START SOURCE DATA

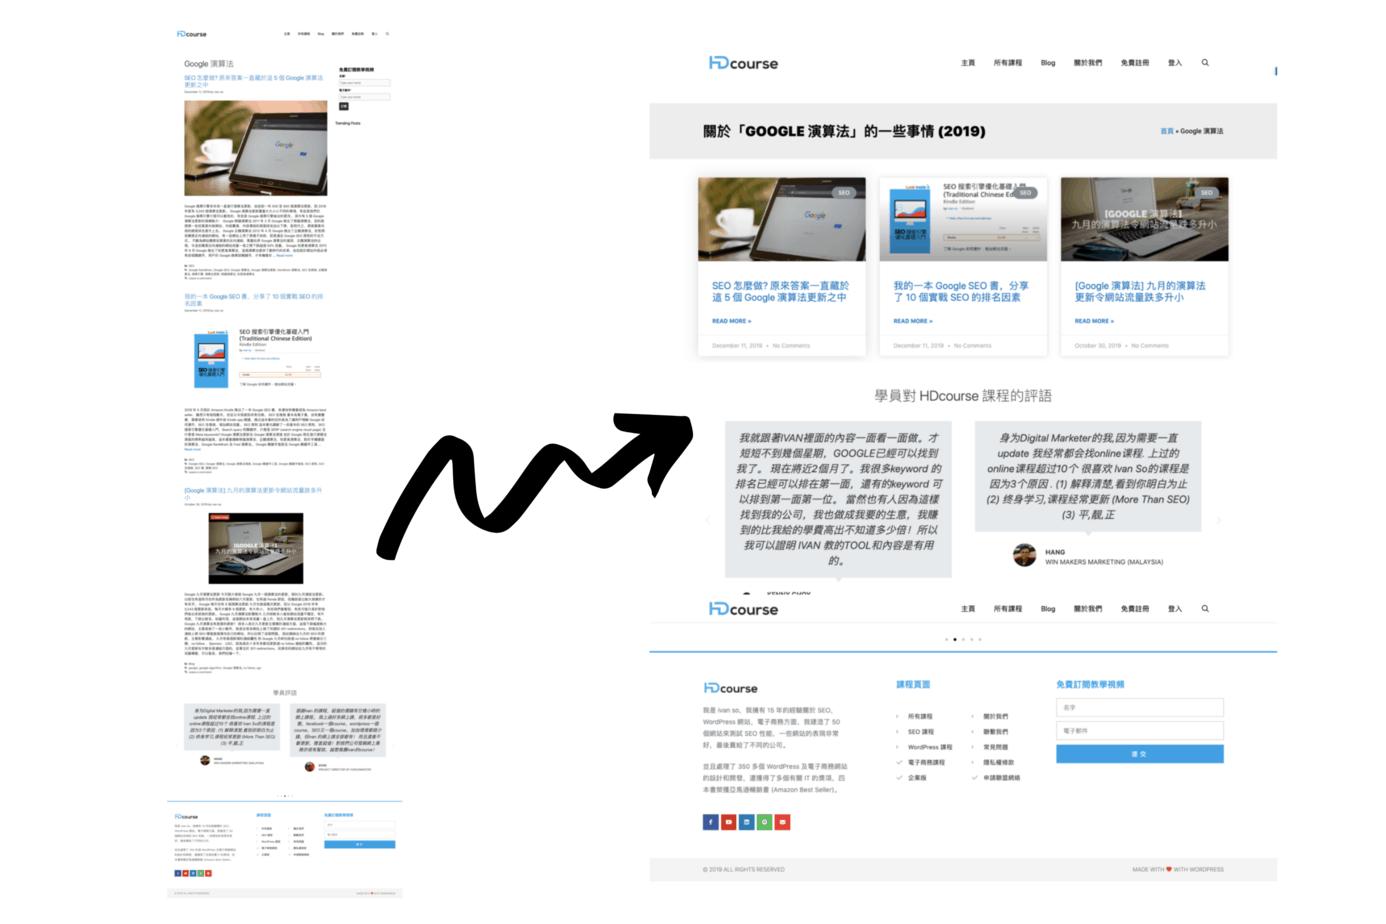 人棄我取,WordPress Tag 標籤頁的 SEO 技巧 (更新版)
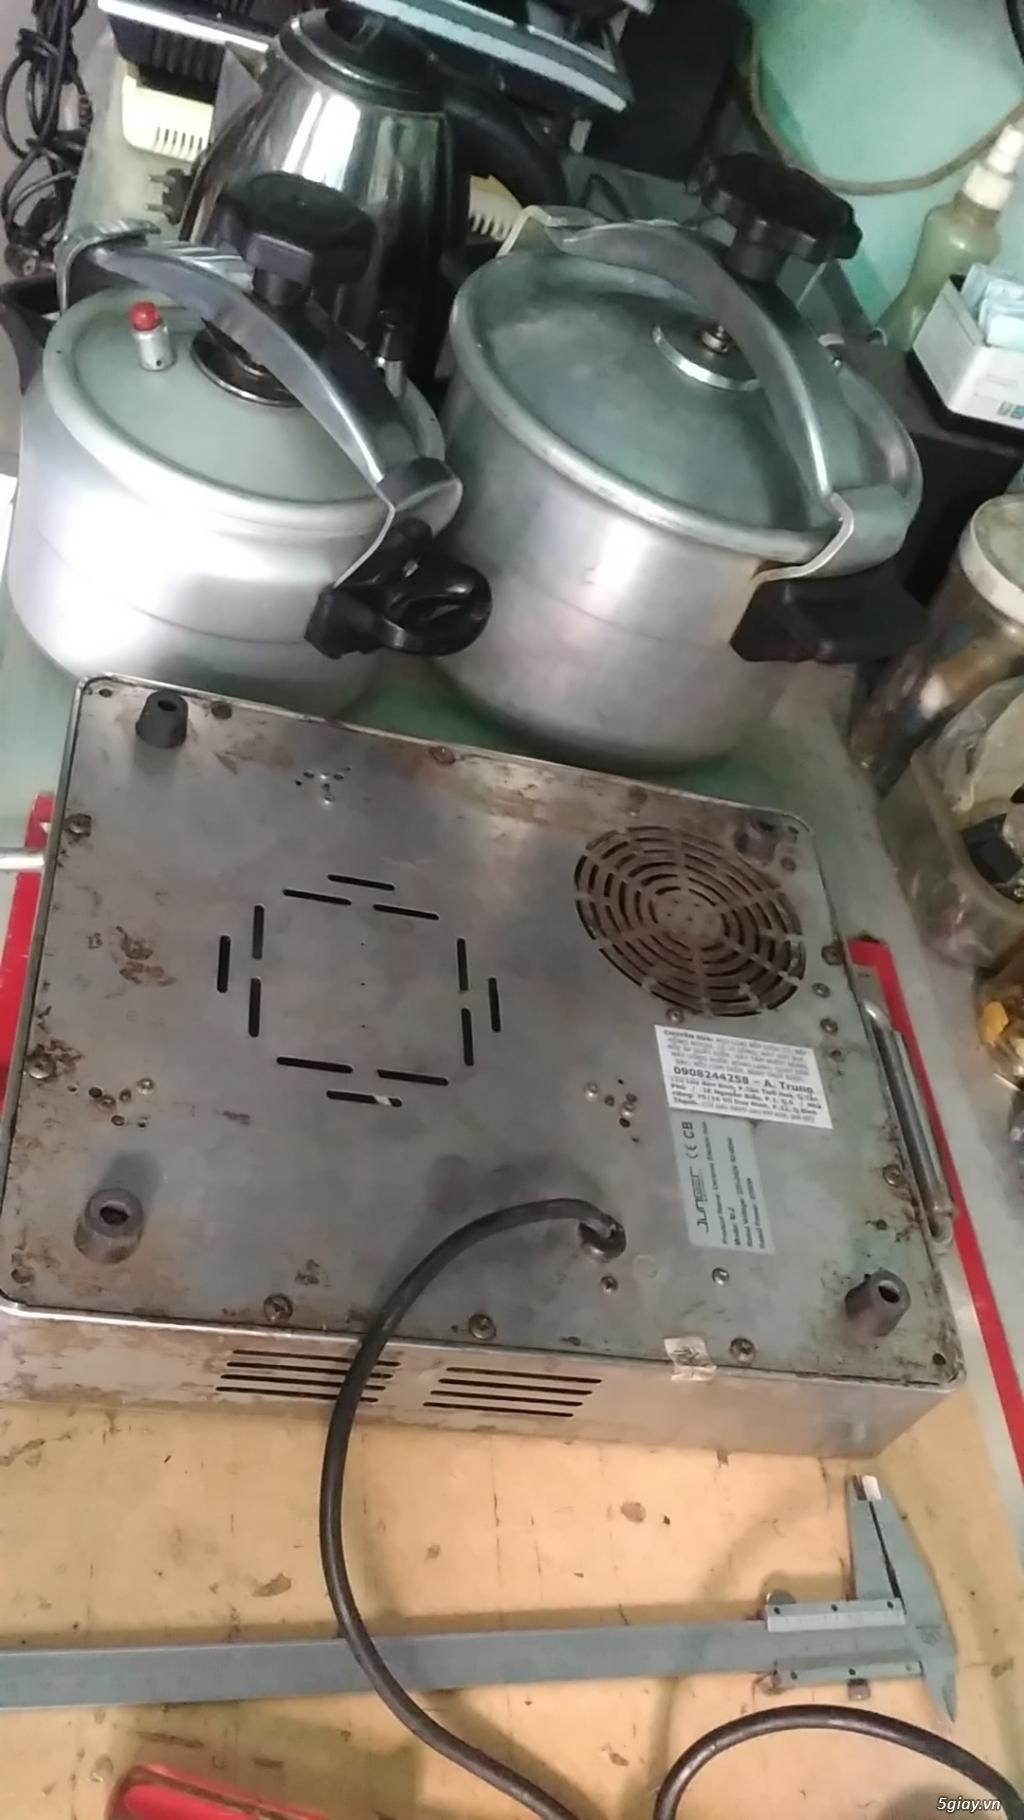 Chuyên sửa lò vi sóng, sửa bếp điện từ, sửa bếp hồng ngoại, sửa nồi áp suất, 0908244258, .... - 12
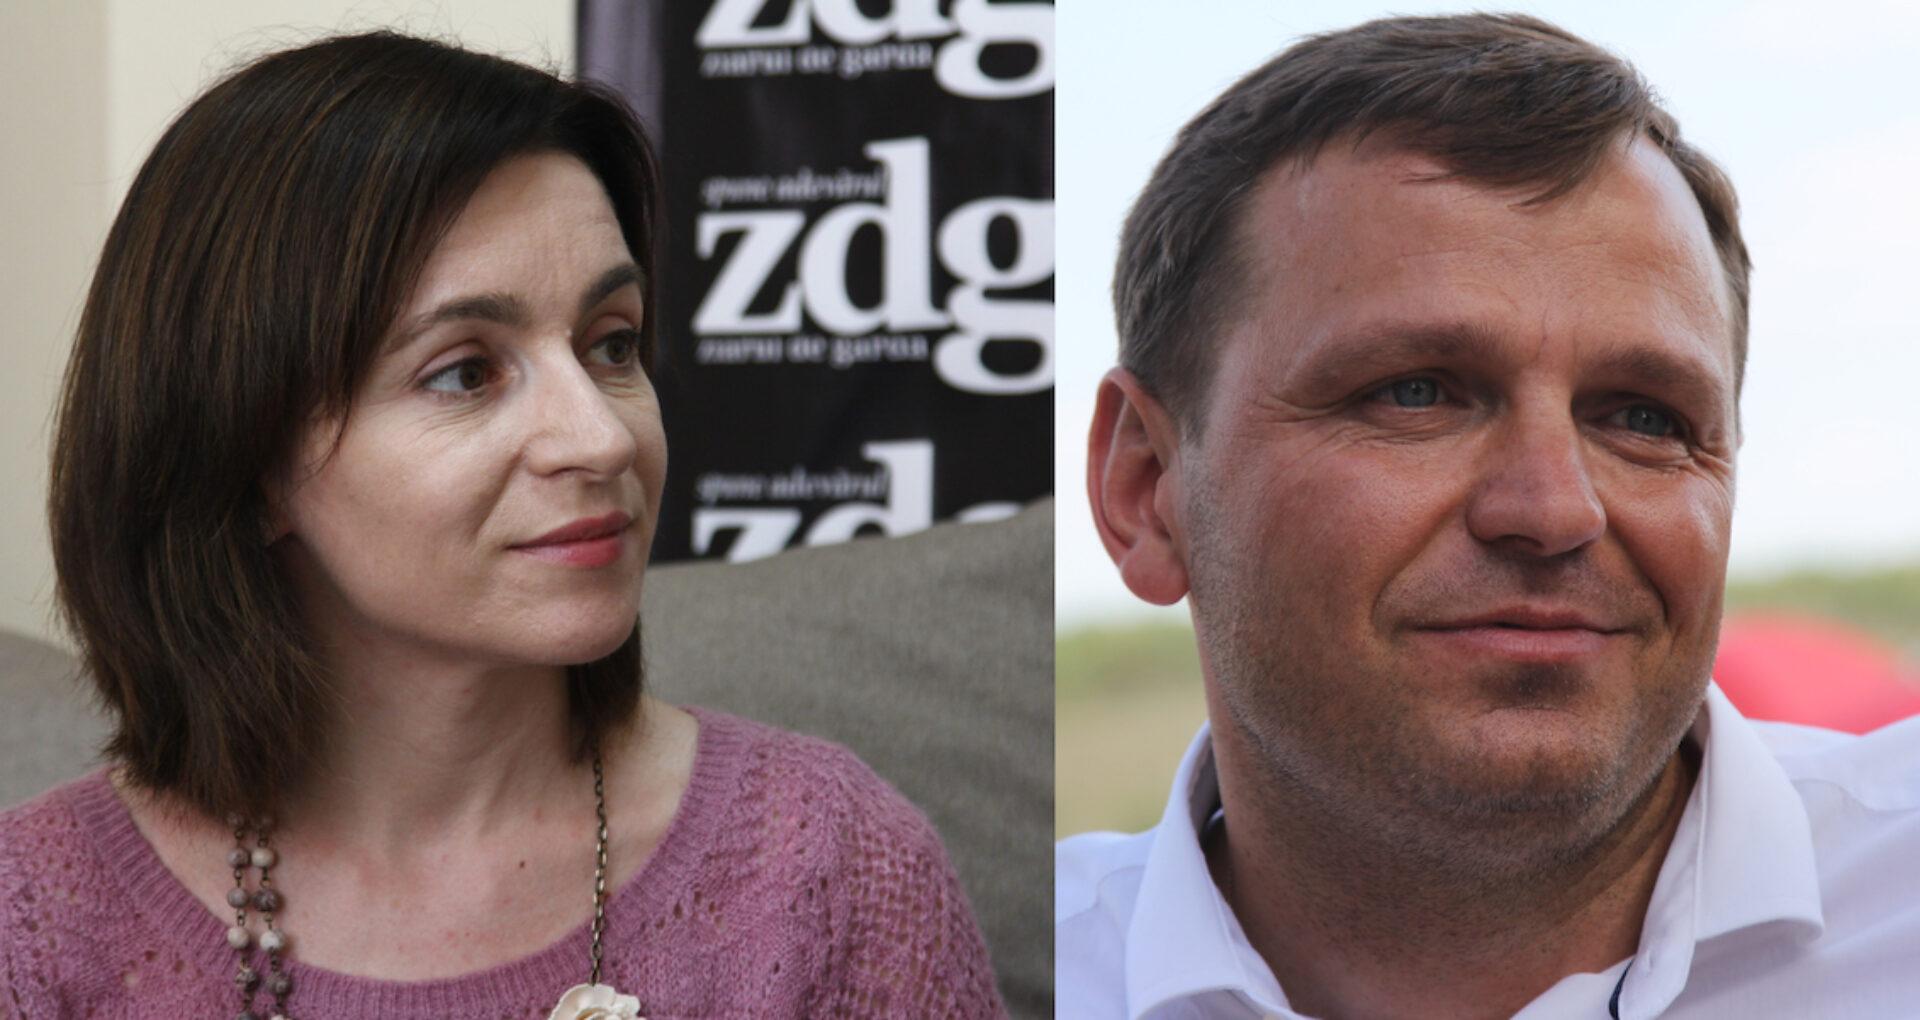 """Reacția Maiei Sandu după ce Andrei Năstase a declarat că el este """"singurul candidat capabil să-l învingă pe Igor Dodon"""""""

END SOURCE DATA

(EXERCISE DESCRIPTION):
Transcribe all of the material exactly, leaving out whatever pictures it contains.

(WRITTEN RESPONSE):
 人棄我取,WordPress Tag 標籤頁的 SEO 技巧 (更新版)
 Chuyên sửa lò vi sóng, sửa bếp điện từ, sửa bếp hồng ngoại, sửa nồi áp suất, 0908244258, .... - 12
 """Reacția Maiei Sandu după ce Andrei Năstase a declarat că el este """"singurul candidat capabil să-l învingă pe Igor Dodon"""""""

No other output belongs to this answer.